I remember watching the launch of one of the Mercury missions on TV. I was at home, with my mother and one of my brothers. It was an Atlas rocket, larger than the Redstone that launched Alan Shepard, but way smaller than the Saturns used for the Apollo missions. [If I weren’t trying to play by the rules, I would add that a mystique still clings to these early NASA names.] The clock ticked down and the rocket lifted off. With her eyes fastened on the screen, my mother began to recite the Lord’s Prayer aloud: “Our Father, who art in heaven . . .” I cringed and looked over at her. I wished she would stop.
I remember when Boston’s annual spring flower show was held at the Wonderland race track in Revere. I was 8 or 9. Dozens of garden clubs from the region had arranged their lush displays in the oval concourse beneath the grandstands whose undersides, concrete-gray and sloping down and away towards the darkened rear of the display space, made for a somber yet theatrical setting. It was a late-winter miracle: all of these mature trees and ponds with fountains and fully-flowering plants and lawns and shrubs arranged to look like real landscapes. People had tossed pennies into the fountains for good luck. It seemed that every display had received some sort of blue ribbon from the judges. In an adjoining hall, the commercial displays had set up (sellers of garden supplies, fudge, replacement windows, fences, easy chairs that would give you a back massage); here there was noise and bright light, smells of pizza and fried dough, a man playing a tinny electric organ for the entertainment of the crowd, and pigeons pecking at discarded popcorn on the asphalt walkways just outside.
I remember hiking up Mount Monadnock in New Hampshire with my father and my two brothers. My family did this more than once. On this occasion, a sunny summer day threatened to turn stormy as we reached the summit, and my father had us squeeze into an impromptu shelter among large boulders. We watched as a storm cloud ascended the mountainside towards us like a gray wave, and then the lights went out and it rained and blew like a hurricane for a few minutes, the temperature dropping sharply. My father surprised us by reaching into his pocket and taking out three Hershey bars, to save us: “Here, eat this!”
I remember our cat Sammy, short for Samantha. Sammy was our second and last family pet. The first had been a canary (named Sunny) who sang for a year or so then seemed to lose interest in being alive. The care and feeding of both fell to my mother, who could not have been thrilled with these extra chores. Sammy was on the small side, lively, grayish-brown with dark mackerel stripes, a common coloring. When it was time for her to be spayed, my parents took her to Dr. Zullo’s, and several days later brought her back home. But it was not the same cat. This one was skinny with a matted coat; that was to be expected. But it didn’t look very much like Sammy, and besides it was larger, and longer. That couldn’t have happened in four days at the vet. But my parents didn’t want to hear about it. After a while, we got used to this cat, and its dull personality, whatever its real name was.

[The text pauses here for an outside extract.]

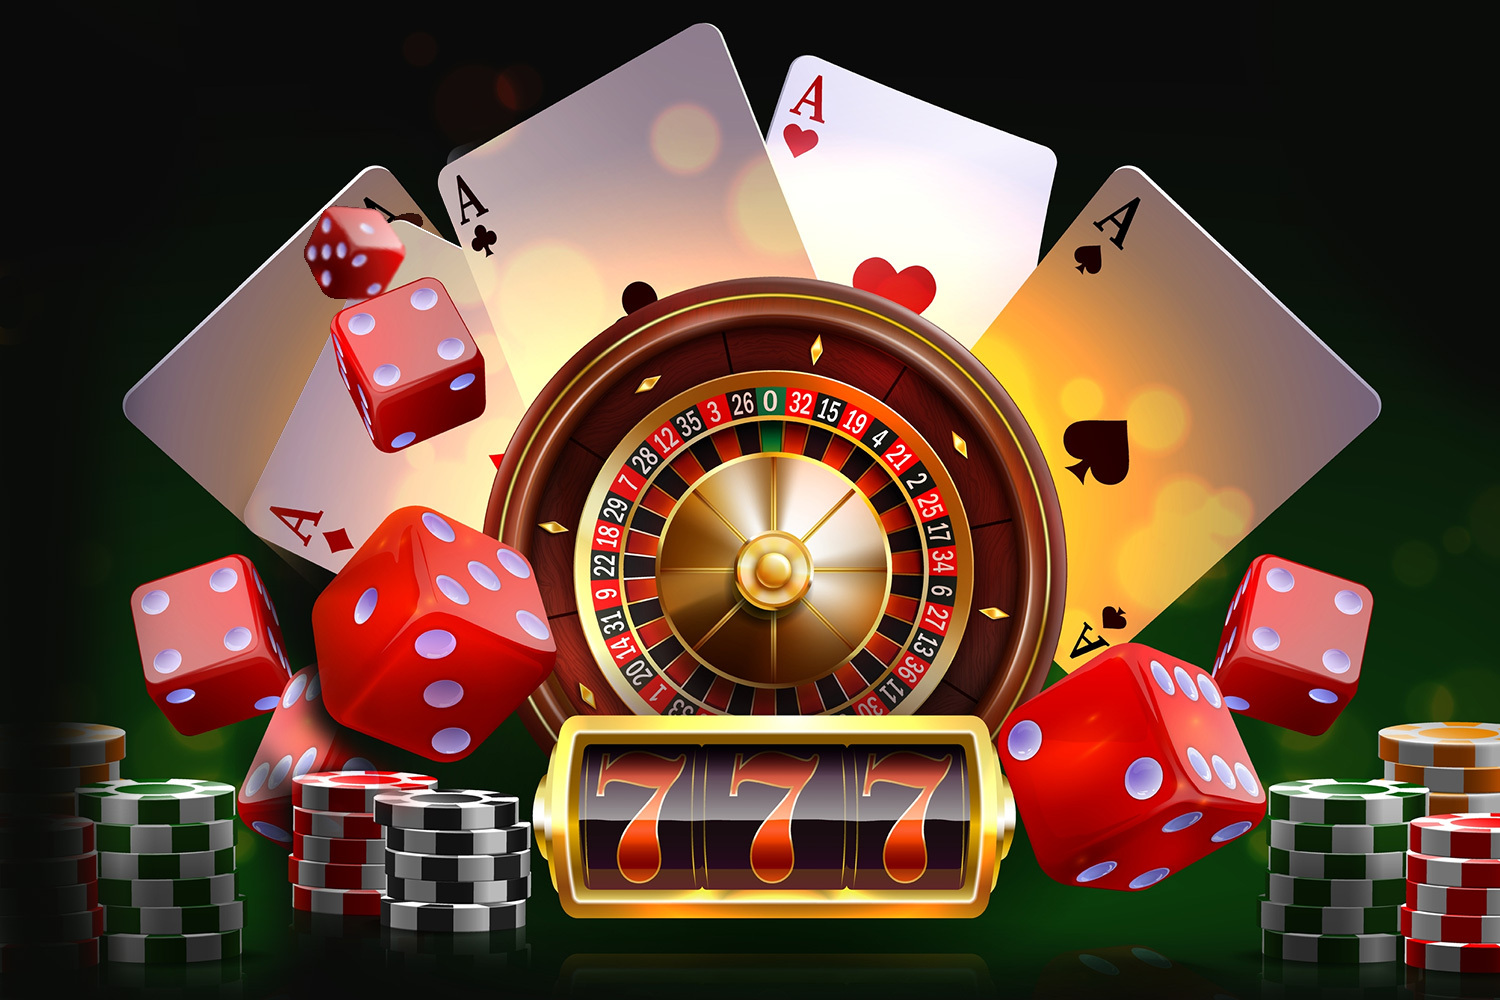 Online casino sign up offers: Get the best casino deals and no deposit welcome offers | The Sun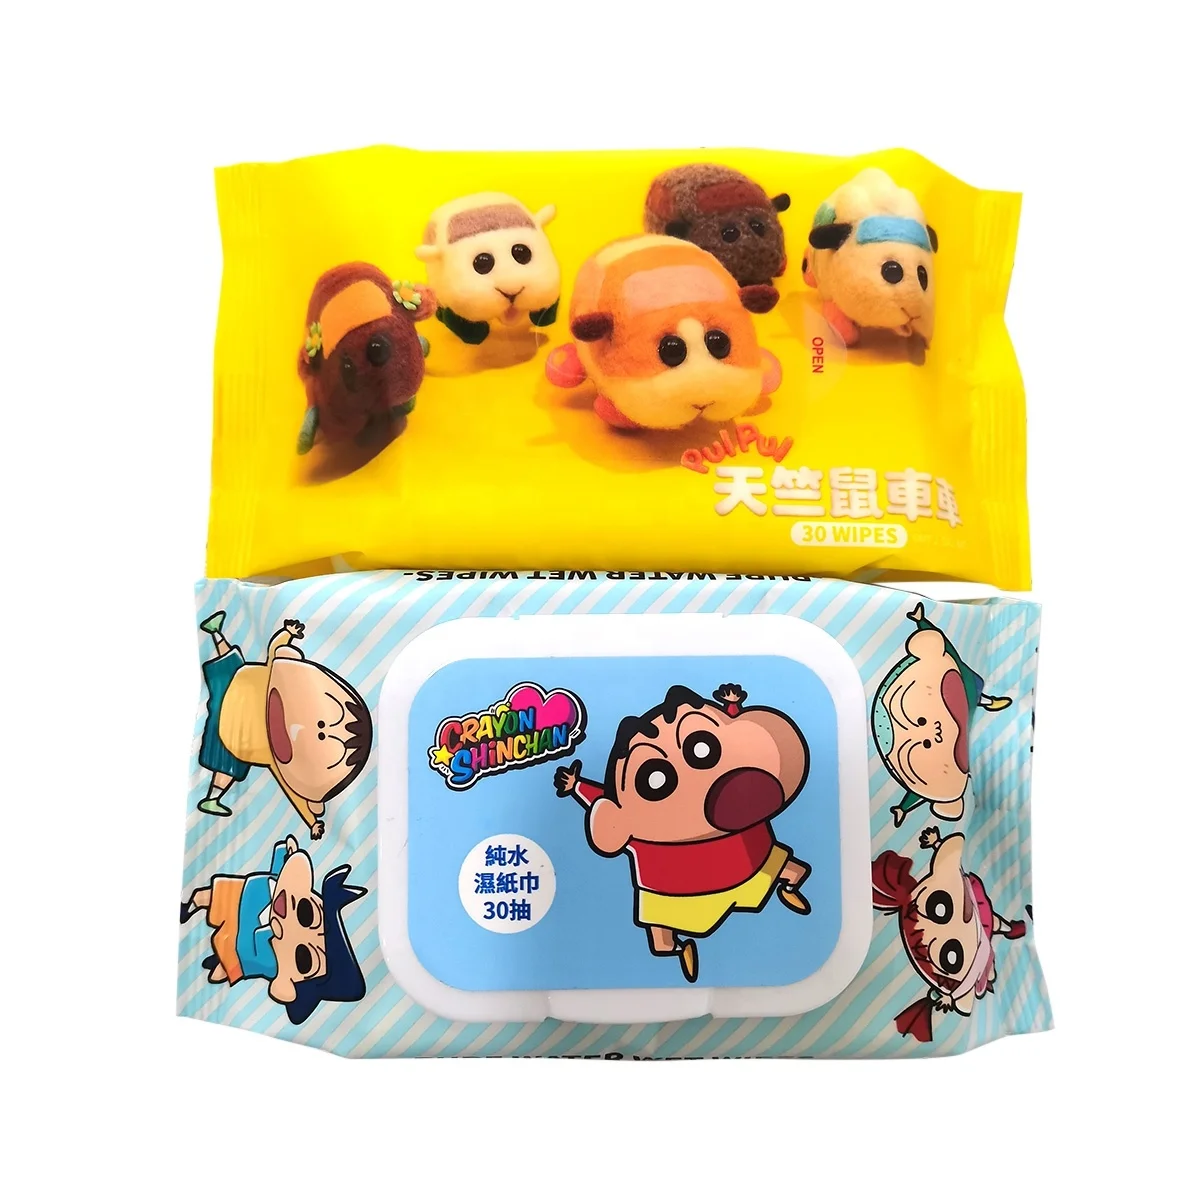 Private Label No Alcoholic Factory Supply manufacture in China cheap baby cleaning wipes top quality baby wet wipes

I remember when, the February after the JFK assassination, during school vacation and just before the Beatles came along to lift us out of our collective gloom, my parents took me and Ned to the tip of Cape Cod. The days were clear and the winds were strong, visitors few. I was already railroad-crazy, and kept a lookout for remains of the old line to Provincetown, only recently abandoned with crossties still in place. There seemed to be about one motel open in Provincetown, and one restaurant (not counting the bars downtown with neon signs that said “Ladies Invited”). I don’t recall the name of the place, but it was on Shank Painter Road, which referred not to paint but to a rope or chain that secures a ship’s anchor when it’s not in use. An old fishing dory had been repurposed to form the bar. It was in fact a tavern with a small dining area, frequented by the fishermen, Portugese-Americans. Our well-scrubbed, out-of-place little cluster of a tourist family was the oddity of the evening. The next day, on our way back to Wellesley, my father drove us through Hyannisport. Here and there on street corners close to the “Kennedy Compound” stood enclosures for sentries, about the size of phone booths. My father pointed them out to us as we crawled past. There was a silence, then he mused, bitterly, “They got him anyway.”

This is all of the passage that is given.